**Your goal:**
Reproduce exactly the lines of this material that begin at the line with "the big soldier" and end at the line with "Cute cartoon illustration", both included. Omit the pictures and everything else.

**Entries supplied:**
- - -
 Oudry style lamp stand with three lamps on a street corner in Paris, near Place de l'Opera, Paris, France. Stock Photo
- - -
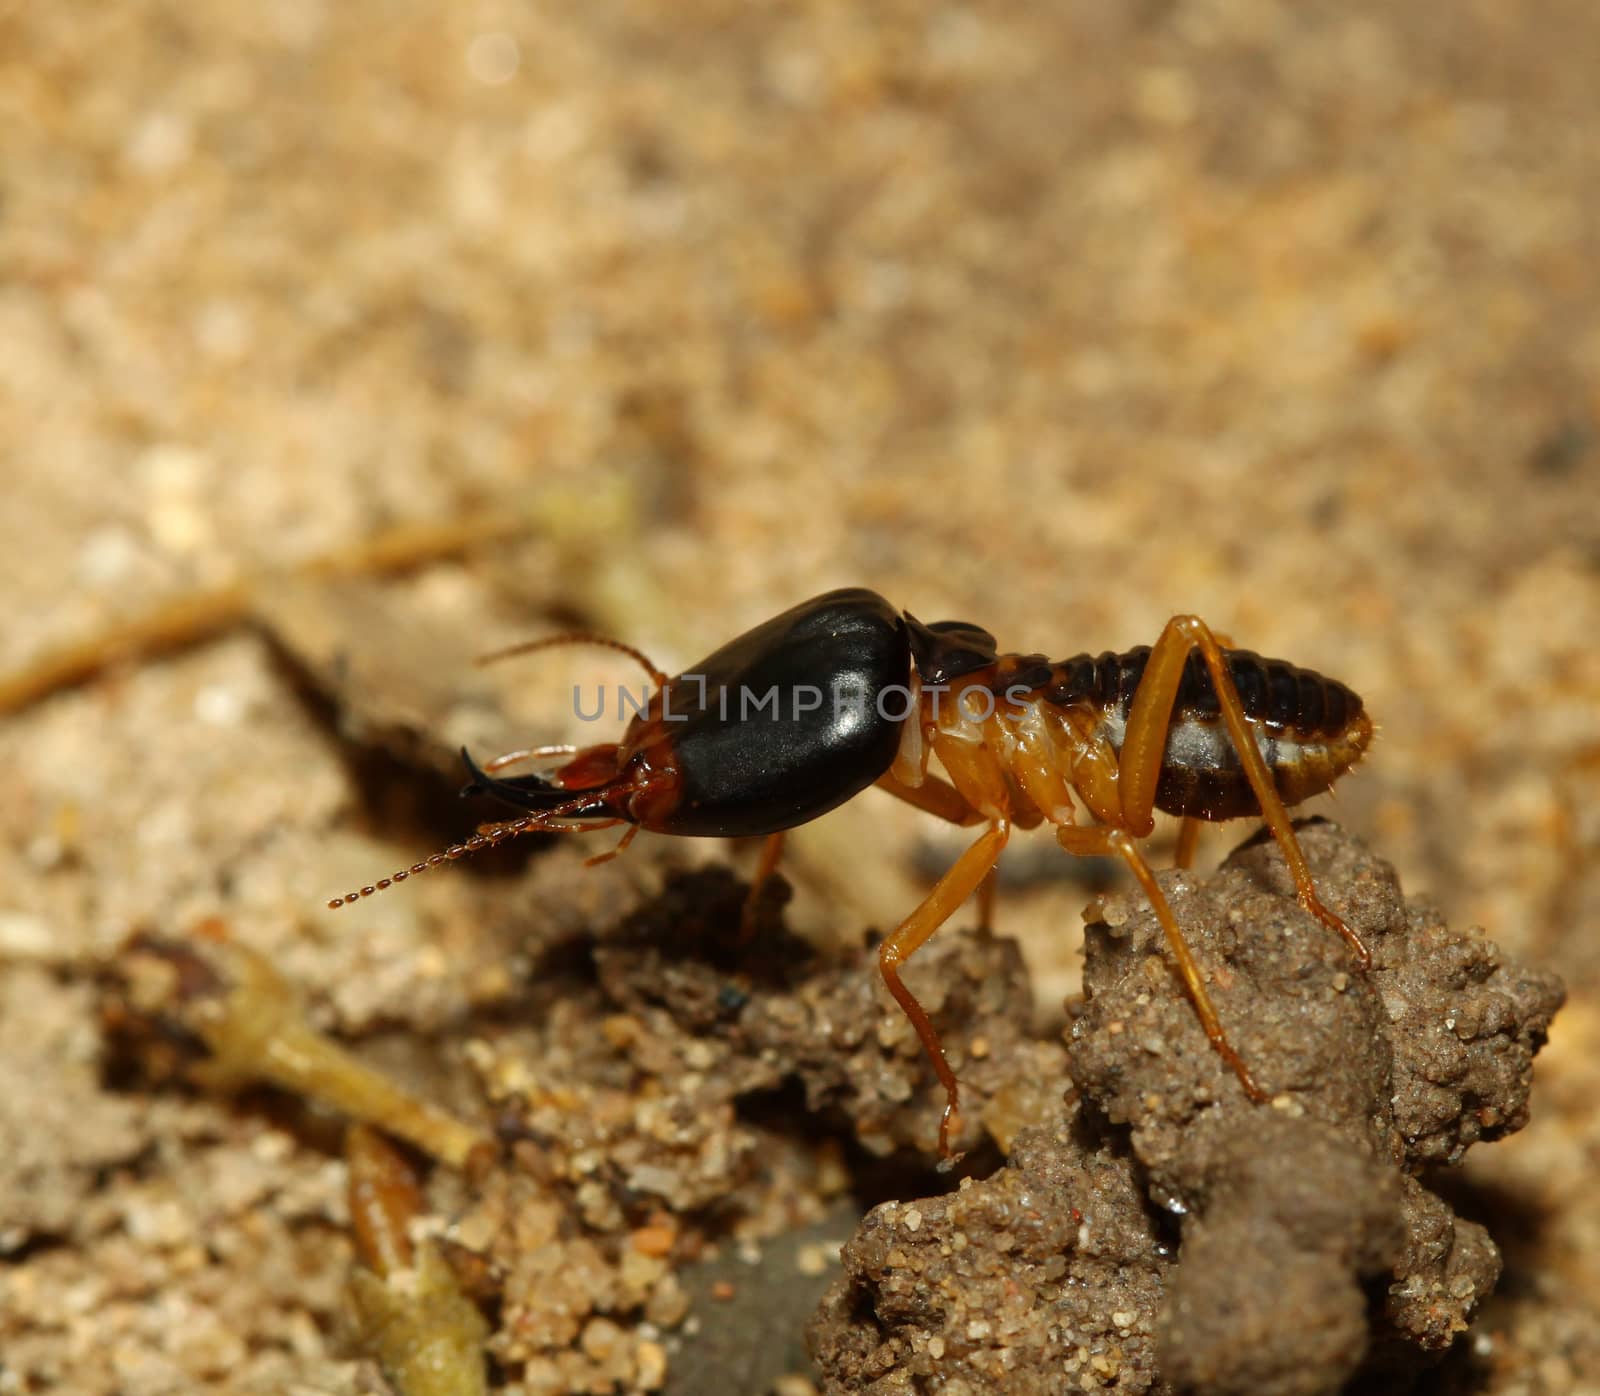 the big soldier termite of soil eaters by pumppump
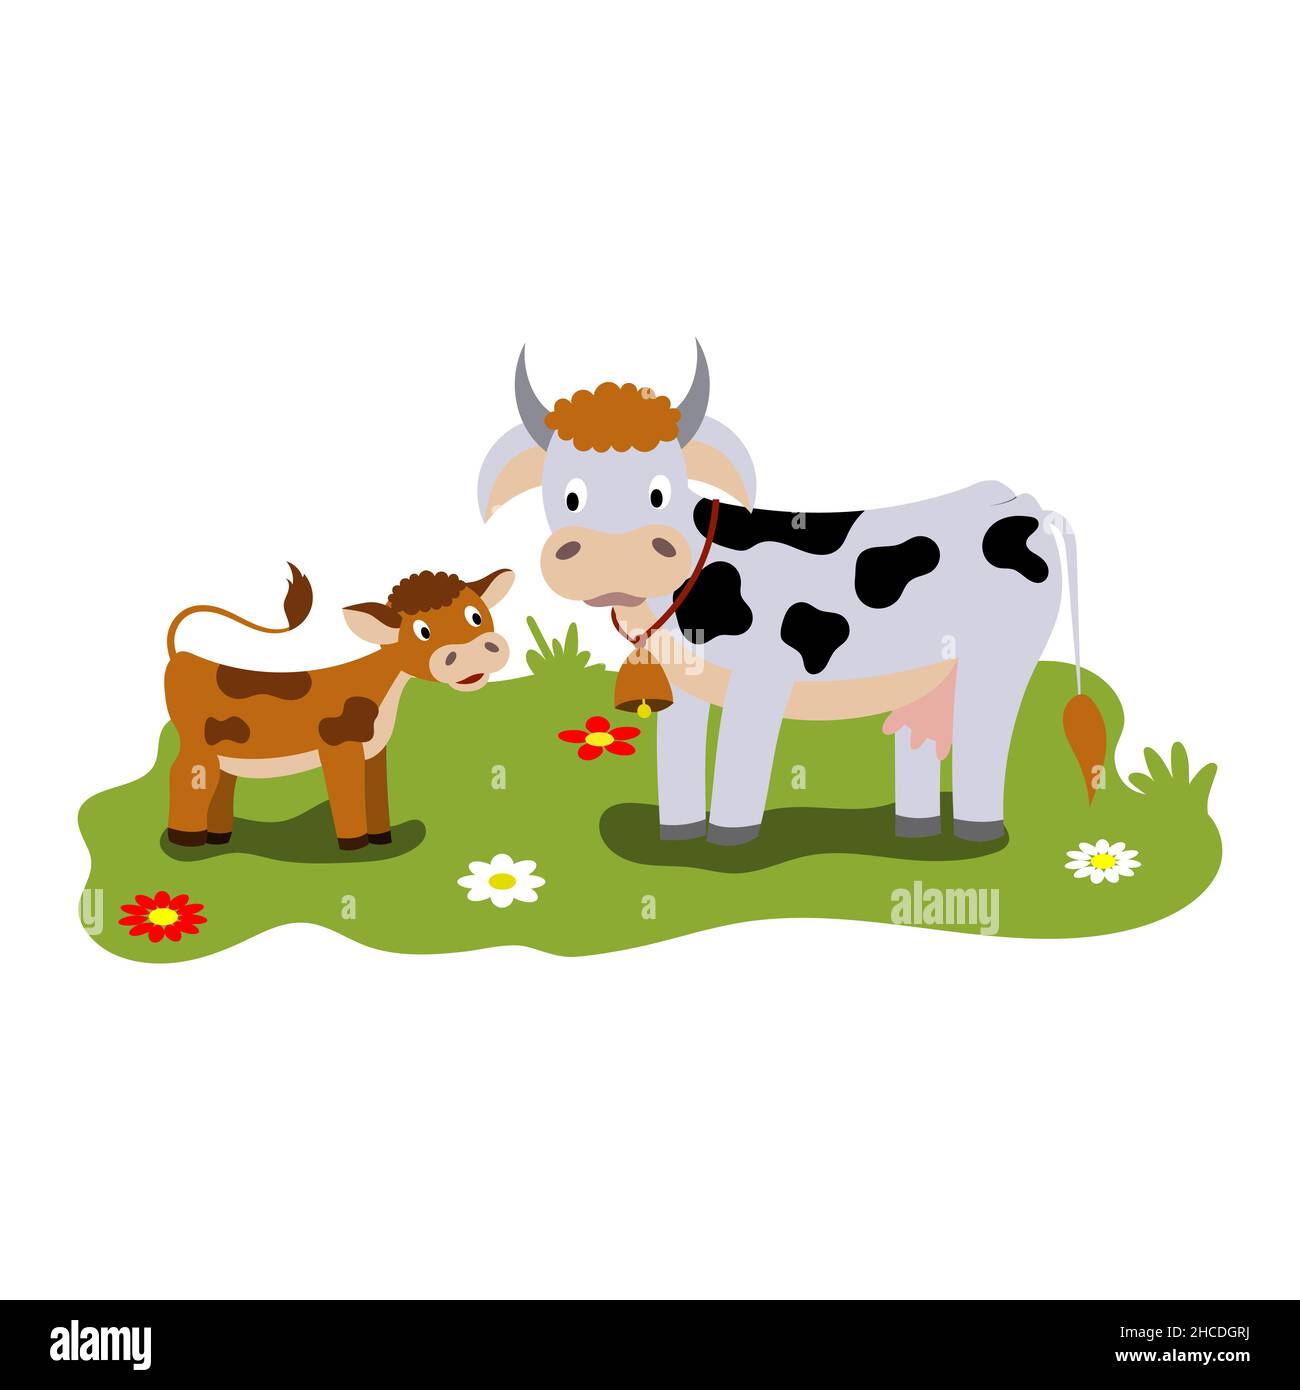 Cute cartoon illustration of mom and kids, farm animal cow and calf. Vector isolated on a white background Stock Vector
- - -
**Response area:**
 the big soldier termite of soil eaters by pumppump
 Cute cartoon illustration of mom and kids, farm animal cow and calf. Vector isolated on a white background Stock Vector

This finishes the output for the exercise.